Et puis, à un autre niveau de lecture, et même si cela peut sembler contradictoire de prime abord, j’aime bien aller chercher ce qu’il y a derrière le masque – le masque social qu’on arbore toutes et tous. Aller au-delà des apparences !
Et je m’inclus dedans, puisque qu’est-ce qu’un appareil photo si ce n’est une autre forme de masque ?

Cette question me plonge dans des abimes d’interrogation. Est-ce que, parce que je suis militante, mes photos le sont aussi ? Pas forcément. Par exemple, je pense qu’elles sont féministes, comme je l’explique dans la question suivante, mais pas forcément engagées dans des combats anticapitaliste ou internationaliste que je mène par ailleurs. Ma pratique de la photographie fait partie de moi, mais elle n’est pas tout ce que je suis.

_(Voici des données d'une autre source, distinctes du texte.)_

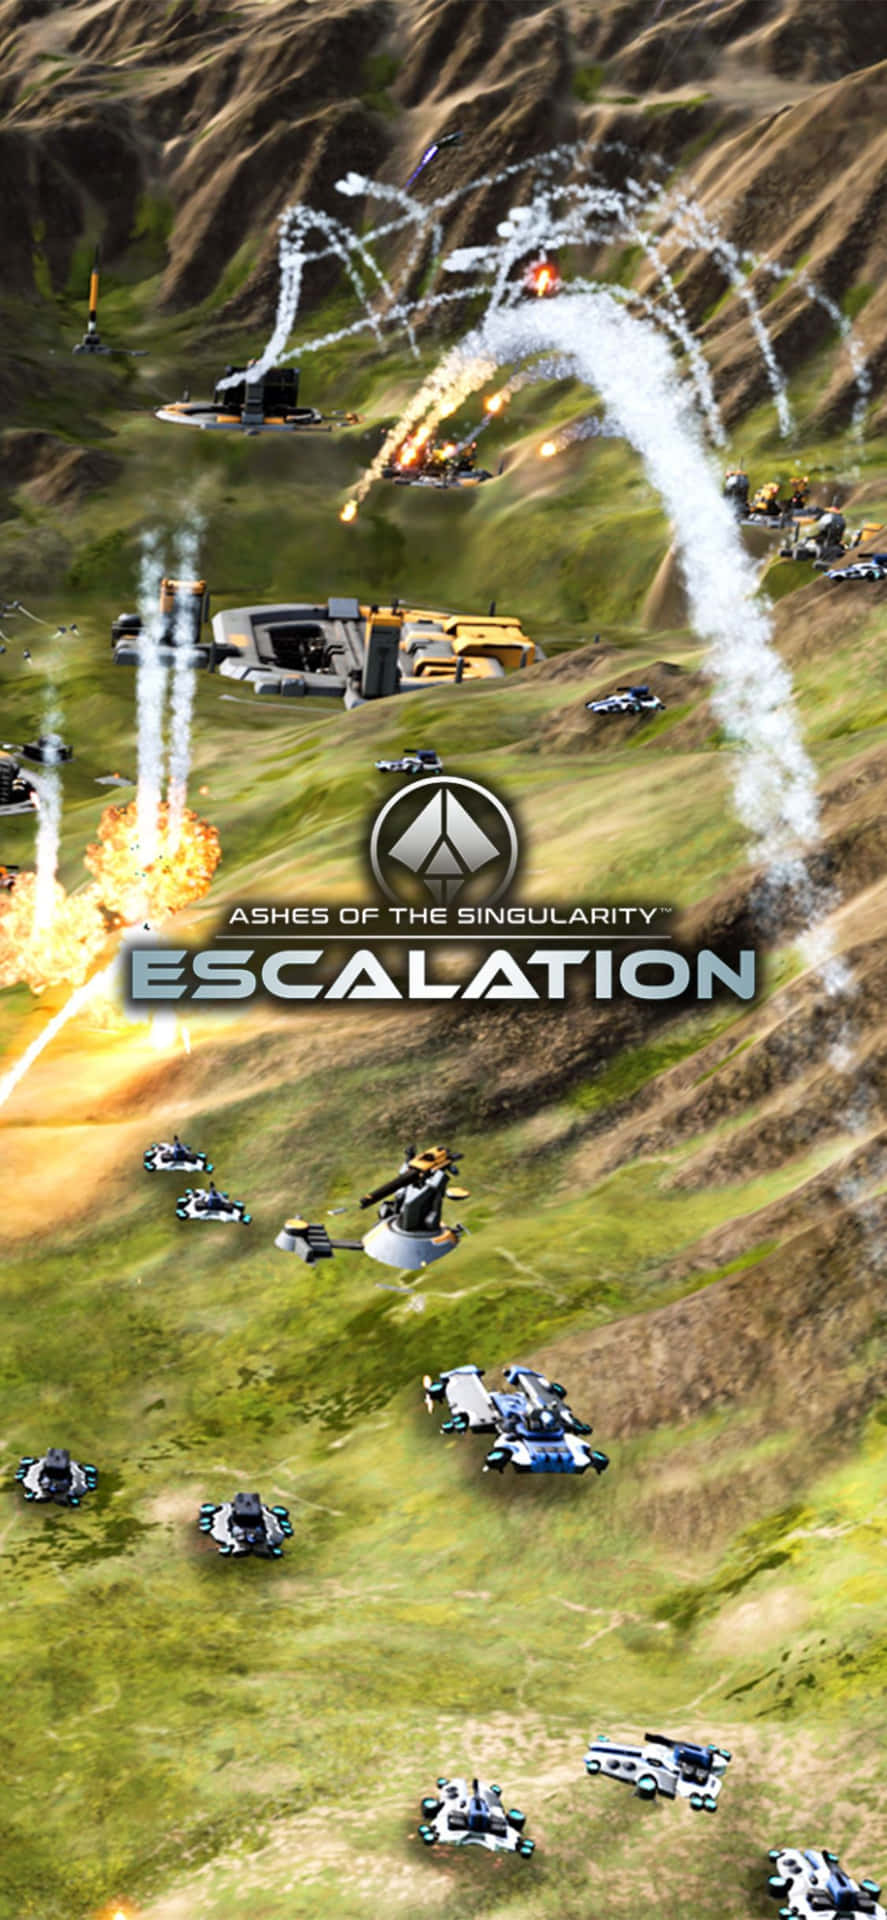 Enjoy Cutting Edge Gaming with Iphone X and Ashes of the Singularity Escalation

Quant à l’art et l’esthétique, pfiou… vaste débat ! Je ne crois pas du tout que le beau soit nécessaire dans l’art, mais j’y suis attachée dans mes photographie. J’ai beau admirer son travail, je ne me retrouve pas, par exemple, dans la crudité des photos de Nan Goldin. Je crois que si je devais me plonger entièrement dans une recherche esthétique, plus que le beau, c’est le sublime – en tant que concept romantique – qui m’intéresserait. La tempête et la passion !
Ces dernières années, pour être honnête, mon travail est impacté par les conditions matérielles de mon existence. Comment être dans de la recherche formelle tout en essayant de sortir de la précarité ? Est-ce que si je pars dans des expérimentations trop bizarre, on me suivra ? Je n’en sais rien.

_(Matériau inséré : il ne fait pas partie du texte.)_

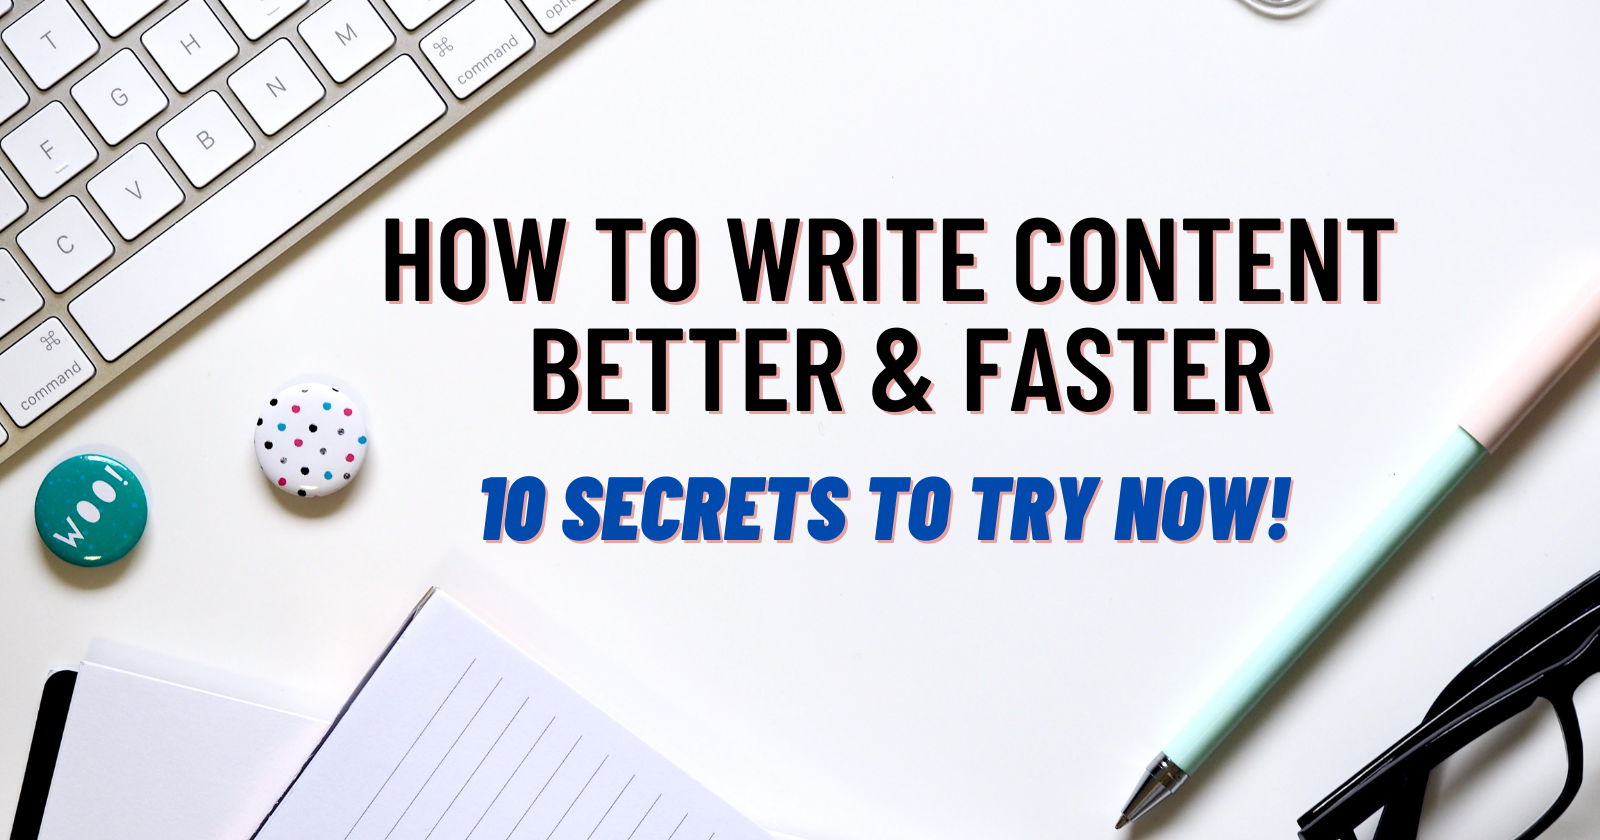 write-content-better-and-faster-5f68a718803f6.png

Je l’ai dit, devoir vivre de son art, c’est compliqué. Cela implique de se rendre visible en permanence, parce que si tu fais les meilleures glaces du monde mais que personne ne sait qu’elles existent, tu ne pourras pas en vivre.  J’ai fait le choix de mettre en avant mon approche féministe et bodypositive plutôt que de la cacher en me disant que cela risquerait de braquer des gens. Justement, ça me permet de faire venir  à moi des personnes qui se reconnaissent dans mes valeurs et c’est très bien comme ça !

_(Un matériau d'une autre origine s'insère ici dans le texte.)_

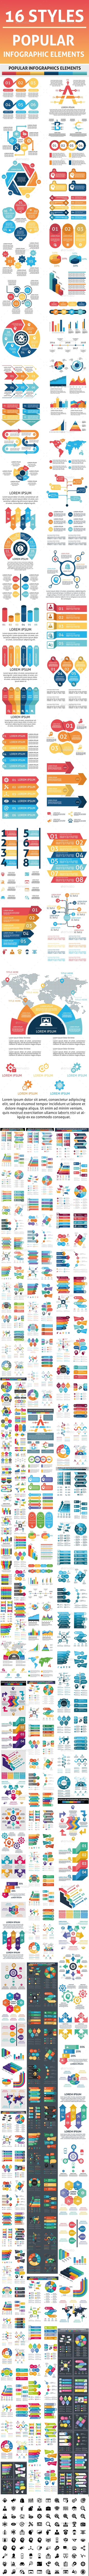 Bundle Popular Infographics Elements in Infographic Templates

La visibilité, c’est aussi la question du regard. Qui regarde ? qui est regardé·e ? J’ai à cœur de sortir de ce qu’on appelle le male gaze afin de partir en quête d’un feminist gaze, pour reprendre le concept d’Azélie Fayolle. A travers mon regard, j’espère montrer à mes modèles à quel point elles sont tellement plus que les complexes que leur impose la norme patriarcale !

Honnêtement, ça dépend vraiment des situations. Je peux créer des portraits très classiques mais aussi des choses qui ne passent pas du tout auprès de la majorité des gens – j’ai déjà parlé de mon projet de shibari en non-mixité ; faire comprendre l’intérêt du concept et sa dimension féministe demande vraiment beaucoup de pédagogie auprès de pas mal de gens.

Je crois que si mes photos sont en marges, c’est surtout dans ma volonté de mettre en avant des corps invisibilisés par les normes de beauté en vigueur. Je suis d’ailleurs en train de monter un projet de mise en lumière des femmes grosses et de leurs vécus. Cela s’appelle “Glorieuse grosseur” et une exposition est prévue.